A House of Pomegranates, the second collection included here, accomodates deeply complex tales, featuring both more complicated plots and stories emotionally fraught. In “The Young King,” the first story of the collection, Wilde seems to be riffing on both Greek mythology and Christian tales as an innocent youth close to nature is made king of a proud and worldly city. At first seduced by beauty, the youth is subjected to torturous visions disclosing from what horrors such beauty comes. “The Birthday of the Infanta” brings us an innocent and hideous dwarf who is made sport of by a guileless princess in the panoply of her sheltered palace life. “The Fisherman and His Soul” immerses us in witchcraft and Satan-worship, the value of the soul and its relationship to the heart, and the love stories that can exist between mermaid and man, soul and body, priest and flock.

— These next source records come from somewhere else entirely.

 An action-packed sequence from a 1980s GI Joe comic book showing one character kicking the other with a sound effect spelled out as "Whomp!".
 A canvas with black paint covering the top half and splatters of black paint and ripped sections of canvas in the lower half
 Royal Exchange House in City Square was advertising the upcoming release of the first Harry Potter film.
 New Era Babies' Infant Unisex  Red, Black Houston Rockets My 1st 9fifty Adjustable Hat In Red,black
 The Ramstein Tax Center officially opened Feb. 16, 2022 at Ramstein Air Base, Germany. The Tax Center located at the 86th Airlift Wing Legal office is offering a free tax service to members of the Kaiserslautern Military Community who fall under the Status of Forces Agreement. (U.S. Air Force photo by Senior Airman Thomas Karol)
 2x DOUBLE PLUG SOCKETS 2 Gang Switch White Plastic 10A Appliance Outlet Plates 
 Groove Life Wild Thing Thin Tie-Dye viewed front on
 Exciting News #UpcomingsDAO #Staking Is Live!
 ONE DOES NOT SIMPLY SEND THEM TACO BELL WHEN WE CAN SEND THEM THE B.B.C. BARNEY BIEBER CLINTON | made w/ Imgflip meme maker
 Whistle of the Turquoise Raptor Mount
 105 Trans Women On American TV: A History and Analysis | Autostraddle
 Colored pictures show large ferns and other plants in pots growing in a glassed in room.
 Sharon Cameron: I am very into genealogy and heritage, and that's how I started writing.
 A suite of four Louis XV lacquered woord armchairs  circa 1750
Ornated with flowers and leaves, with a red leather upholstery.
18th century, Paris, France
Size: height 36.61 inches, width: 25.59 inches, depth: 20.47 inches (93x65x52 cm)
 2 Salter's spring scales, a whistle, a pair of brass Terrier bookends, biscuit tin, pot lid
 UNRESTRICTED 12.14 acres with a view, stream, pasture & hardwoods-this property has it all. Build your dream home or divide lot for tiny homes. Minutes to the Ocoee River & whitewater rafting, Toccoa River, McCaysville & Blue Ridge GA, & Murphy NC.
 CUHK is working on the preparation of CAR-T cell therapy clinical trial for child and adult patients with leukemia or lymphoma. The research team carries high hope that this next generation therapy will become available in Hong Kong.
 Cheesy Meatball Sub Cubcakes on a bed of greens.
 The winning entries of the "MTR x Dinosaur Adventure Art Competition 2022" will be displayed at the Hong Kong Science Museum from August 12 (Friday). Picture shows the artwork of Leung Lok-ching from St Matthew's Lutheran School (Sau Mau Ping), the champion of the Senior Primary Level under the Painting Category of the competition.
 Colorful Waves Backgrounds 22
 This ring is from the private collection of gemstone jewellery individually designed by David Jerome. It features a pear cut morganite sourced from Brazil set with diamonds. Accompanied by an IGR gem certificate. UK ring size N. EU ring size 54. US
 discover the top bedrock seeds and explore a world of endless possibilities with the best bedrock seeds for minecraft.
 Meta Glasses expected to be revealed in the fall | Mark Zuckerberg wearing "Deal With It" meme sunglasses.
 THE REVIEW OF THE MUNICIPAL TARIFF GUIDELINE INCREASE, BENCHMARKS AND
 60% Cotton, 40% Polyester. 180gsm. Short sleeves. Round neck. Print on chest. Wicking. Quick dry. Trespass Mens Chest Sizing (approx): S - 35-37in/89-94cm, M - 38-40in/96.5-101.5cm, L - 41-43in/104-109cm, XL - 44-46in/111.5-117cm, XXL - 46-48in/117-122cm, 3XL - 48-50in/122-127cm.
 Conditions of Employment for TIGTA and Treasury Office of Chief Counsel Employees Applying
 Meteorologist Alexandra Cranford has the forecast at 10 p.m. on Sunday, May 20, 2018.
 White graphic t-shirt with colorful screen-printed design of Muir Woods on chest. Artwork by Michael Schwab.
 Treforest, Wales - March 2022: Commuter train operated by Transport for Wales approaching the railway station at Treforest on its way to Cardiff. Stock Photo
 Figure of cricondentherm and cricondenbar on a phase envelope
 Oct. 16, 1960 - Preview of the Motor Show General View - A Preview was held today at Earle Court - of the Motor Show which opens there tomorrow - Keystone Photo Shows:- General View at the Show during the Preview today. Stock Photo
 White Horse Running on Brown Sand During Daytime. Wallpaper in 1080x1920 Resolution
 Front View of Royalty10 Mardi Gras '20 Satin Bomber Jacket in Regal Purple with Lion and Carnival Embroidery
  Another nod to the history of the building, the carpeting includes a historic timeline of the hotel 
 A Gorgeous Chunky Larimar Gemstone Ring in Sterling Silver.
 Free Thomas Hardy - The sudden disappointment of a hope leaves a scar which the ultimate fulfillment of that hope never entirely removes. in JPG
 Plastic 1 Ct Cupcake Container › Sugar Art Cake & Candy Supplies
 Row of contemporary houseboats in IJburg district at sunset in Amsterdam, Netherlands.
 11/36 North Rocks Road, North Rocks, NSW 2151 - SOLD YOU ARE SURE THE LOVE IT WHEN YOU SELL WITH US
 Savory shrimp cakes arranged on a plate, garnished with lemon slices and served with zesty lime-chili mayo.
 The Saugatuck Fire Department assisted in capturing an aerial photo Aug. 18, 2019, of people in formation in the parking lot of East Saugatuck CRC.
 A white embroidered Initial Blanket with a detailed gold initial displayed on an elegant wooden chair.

The last tale, “The Star-Child,” demonstrates pride and its fall, the hard life of generosity and loyalty, and the qualified reward that can come at the end of such a life when toilsome travels and harsh slavery join the list of travails.

Accompanying all of the stories are lovely illustrations that fantastically capture the modes of whimsy, innocence, delight, and passion featured throughout both The Happy Prince and Other Stories and A House of Pomegranates. Walter Crane did three full-page insets, invoking in impressive black and white the faces of the little prince, the selfish giant, and the fate of the remarkable rocket. Jacomb Hood peppered spot pieces through the rest of the first volume, bringing us images of the happy prince’s swallow, the laughing children in the giant’s garden, and the plight of that most devoted of friends (to name but a few). Charles Ricketts and Charles Shannon together did the illustrations for A House of Pomegranates and their collaboration provided us readers with pieces truly evocative of the glittering seductions and subtle emotions inundating this second volume of Wilde’s fairy tales.

Anyone interested in Oscar Wilde, fairy tales, Victorian literature, or the presence of fairy tales in the Victorian era would do well to read this collection — in fact, it’s an absolute imperative for several of the aforementioned! Those interested in critical analyses of the tales or sociopolitical commentary on their construction should look at Jarlath Killeen’s 2007 work entitled The Fairy Tales of Oscar Wilde. For my part, I can’t wait to read this collection once more and then again. And again. There is much to appreciate in the Complete Fairy Tales of Oscar Wilde, both in the sheer vibrancy of the fairy tales Wilde penned and the sheer density of complexity waiting to be unravelled therein.